In addition to elucidating the effects of stress on individual health outcomes, this line of inquiry may also expand our understanding of the developing infant-parent relationship, particularly in terms of emotion regulation and biobehavioural attunement in the context of serious childhood illness.102 Oxytocin, for example, has been widely studied as a biomarker of emotional co-regulation in parent–child dyads without CHD and has been associated with child developmental disorders such as autism spectrum disorder.103,104 Higher maternal oxytocin levels have also been linked to more affectionate parenting behaviours, lower blood pressure, and lower stress; however, the role of oxytocin in the context of parent–child bonding and attachment, and the accuracy of measurements in mothers of infants with CHD, have yet to be determined.105 Interest in the potential role of the microbiome is also growing, but to our knowledge, no published studies have examined the link between parental psychological stress and the developing infant gut microbiome in CHD, though studies are underway and may potentially provide strategies to augment existing therapies, such as the use of probiotics.106,107

Investigations needed

(1). Establish an evidence base for the use of stress biomarkers in research with parents and their children with CHD.

While the association between maternal biomarkers of psychological stress and child neurodevelopment and mental health has been investigated in other populations, an evidence base in CHD has yet to be established. Factors such as cost, participant burden, scepticism about clinical usefulness, and limited expertise in the field contribute to slow progress. Studying the interplay between psychological responses and physiological processes in CHD may provide a more comprehensive understanding of the mediators and moderators of parent and child mental health outcomes, and support the design and implementation of timely, tailored interventions.21

(2). Investigate associations between biological, psychological, and social responses to stress and distress in parents and their children with CHD.

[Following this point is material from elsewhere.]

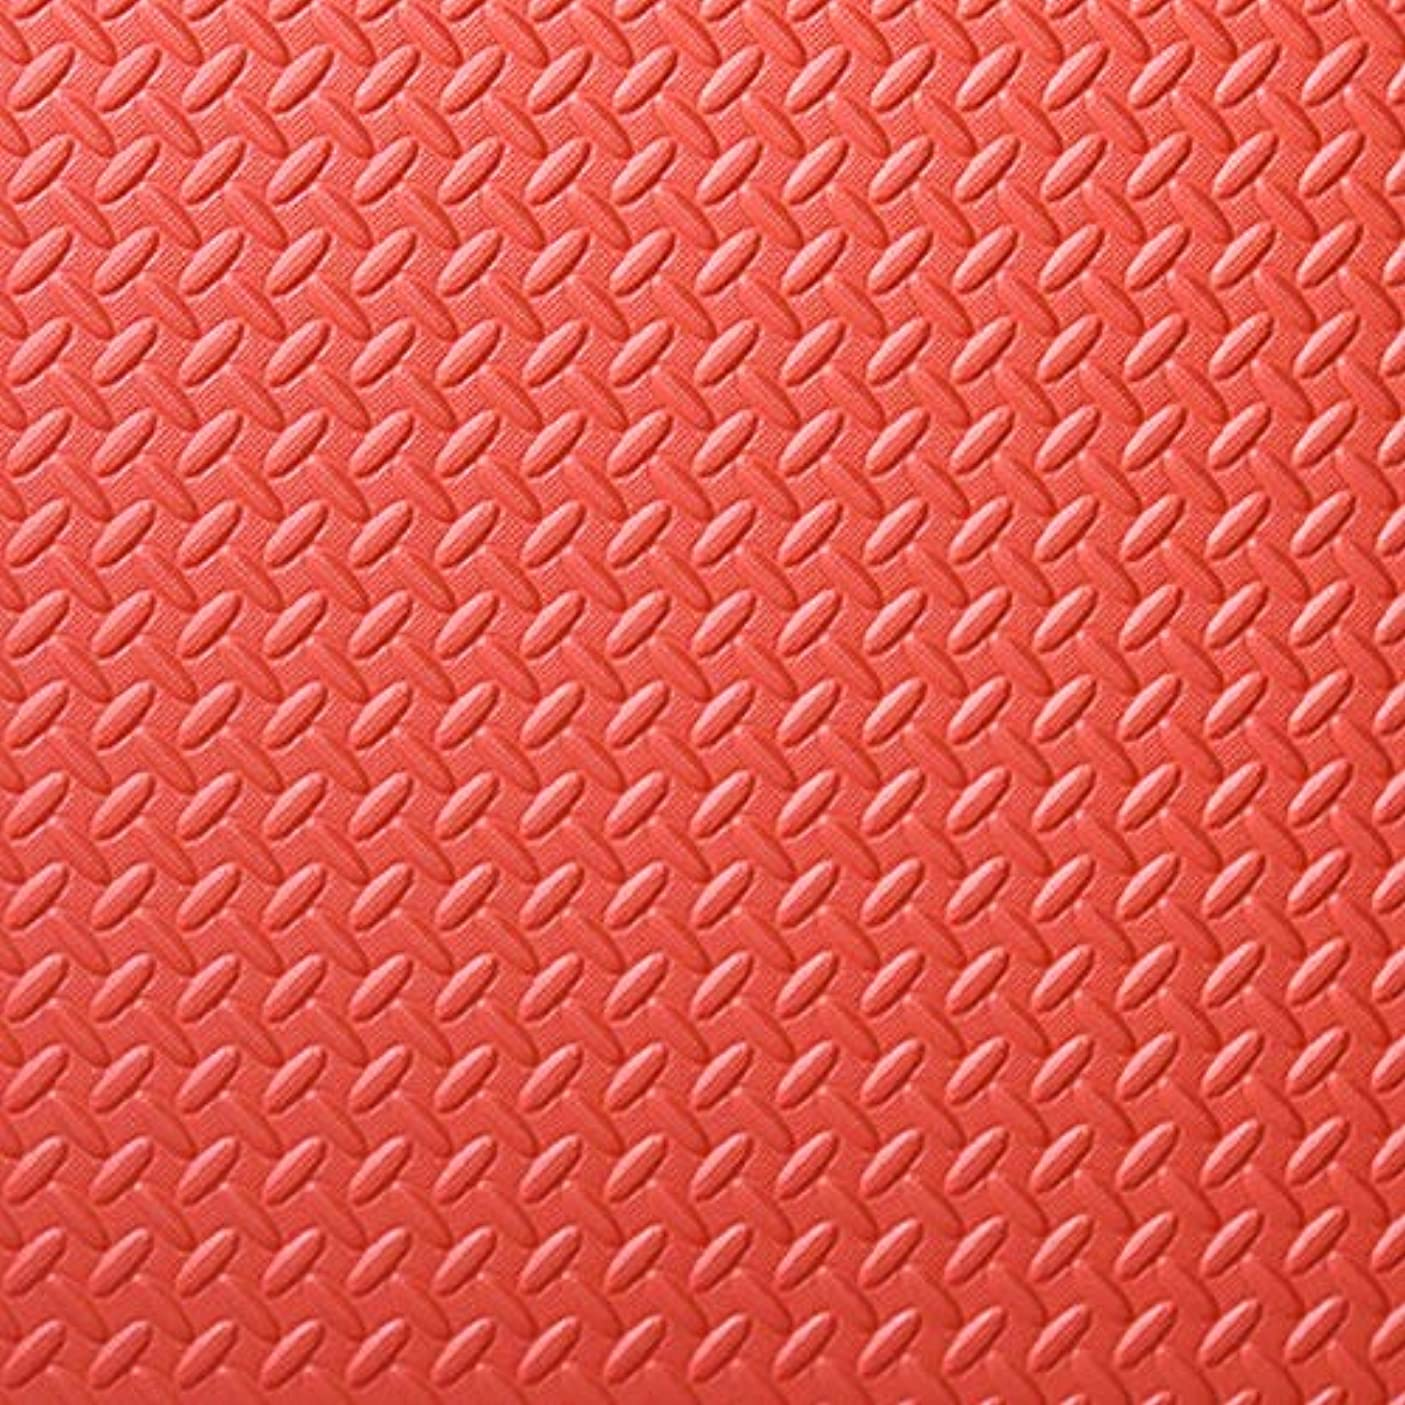 ジョイントマット カラーカーペット 大判 無地 タイル 30×30×1.2cm 20枚 パズルマット 縁あり 衝撃を吸収し おくだけ吸着 環境に優しい 断熱 抗菌?防ダニ加工 防音 ベビー 床暖房対応 レッド

Aligned with the National Institutes of Health Symptom Science Model,108 a comprehensive understanding of the underlying biological processes associated with psychological stress may yield improved diagnostic tools, prevention and intervention opportunities, and treatment approaches. To maximise impact, this work should also explore the potential differential effects of acute versus chronic stress (or allostatic load), and the existence of particularly “sensitive” periods when stress may have the strongest influence on health outcomes (e.g., during foetal development and early infancy).89 It is well established that exposure of an individual to a stressor elicits a physiologic stress response, and studies in mental health are revealing associations of stress biomarkers with mental health symptoms and diagnoses. For example, recent pilot studies suggest salivary cortisol and heart rate variability may serve as non-invasive biomarkers of stress in infants with CHD and their mothers.105,109111 Larger investigations of the associations of stress biomarkers with mental health symptoms within the context of CHD is an important next step.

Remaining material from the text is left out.